Michael Schöpf SJ: “This experience made clear to me the power of reconciliation”
On 27 September, with the World Day of Migrants and Refugees, the Catholic Church draws attention to the plight of the millions of forcibly displaced people around the world. Throughout the year, Pope Francis reminds us that Jesus and his family have themselves experienced persecution and exile and that the Gospel today requires Christians to show solidarity with migrants and refugees. The Dicastery for Integral Human Development in the Vatican makes available to all, on its website, testimonies and ideas for reflection. Cardinal Michael Czerny SJ is the head of the “Migrants and Refugees” section of this Dicastery and, together with the Holy Father, does not miss any opportunity to recall the concrete commitment of the Church and its members to this major - perhaps the most demanding - challenge facing humanity in the 21st century.
The Society of Jesus actively participates in this movement of accompaniment and solidarity with migrants and refugees. It does so especially through the international organisation founded by Father Arrupe, the Jesuit Refugee Service (JRS). Recently, a Deputy International Director has been appointed: Br. Michael Schöpf SJ, from the German Province. He has been entrusted by Father General to support the International Director, Fr. Tom Smolich.

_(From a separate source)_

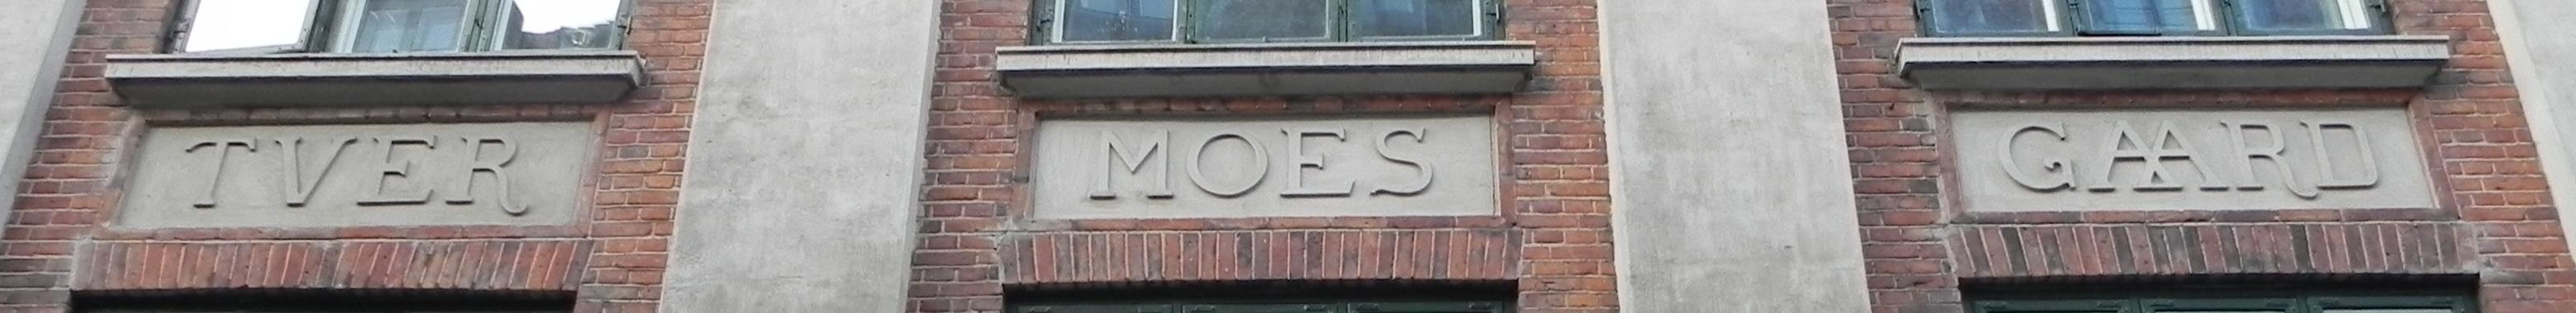 Rosengården 12-12a-14-14a - 3

Michael Schöpf has been involved in various
capacities over the years with JRS, including as Director of JRS Europe. He had
been a field worker for JRS from his early years in religious life, in Kenya,
Uganda and Rwanda. At the time of his appointment, he had been interviewed by
the Jesuit Communications Service of Europe. He then confided what is inspiring
him in the role he will have at the international level.
“Now that I am returning to the work of JRS, our society is much more polarized. The concerns of refugees are perhaps immediately clearer than before. But also the need for reconciliation with them and with ourselves! For this we need a new perspective on human dignity, theirs and ours. It is time to engage in even more dialogue with the refugees.
During a visit to a deportation prison a few years ago, I was struck by a wave of aggression. Those who were held and crammed together there also blamed me for their desperate situation, and I found myself a part of the system that kept them there. On leaving the deportation prison, I met a young man who behaved differently, sitting alone and withdrawn in a quiet corner. When I approached him, he calmly said that he was preparing for an English lesson which he was about to give to others. “This is how I maintain my dignity in this situation,” he explained his commitment to me. “And so I help the others at least a little, because then they might even be able to read the letters of the government that decides their fate.” I could see that he had reconciled himself with his situation and that he was able to do something that would bear fruit for others and therefore for him as well. He had succeeded in creating new life. I would also like to contribute to this with my work. This experience made clear to me the power of reconciliation.”
On this World Day of Migrants and Refugees, let us be touched by this request for proximity, welcome, dialogue, everything that can lead to reconciliation in our divided world.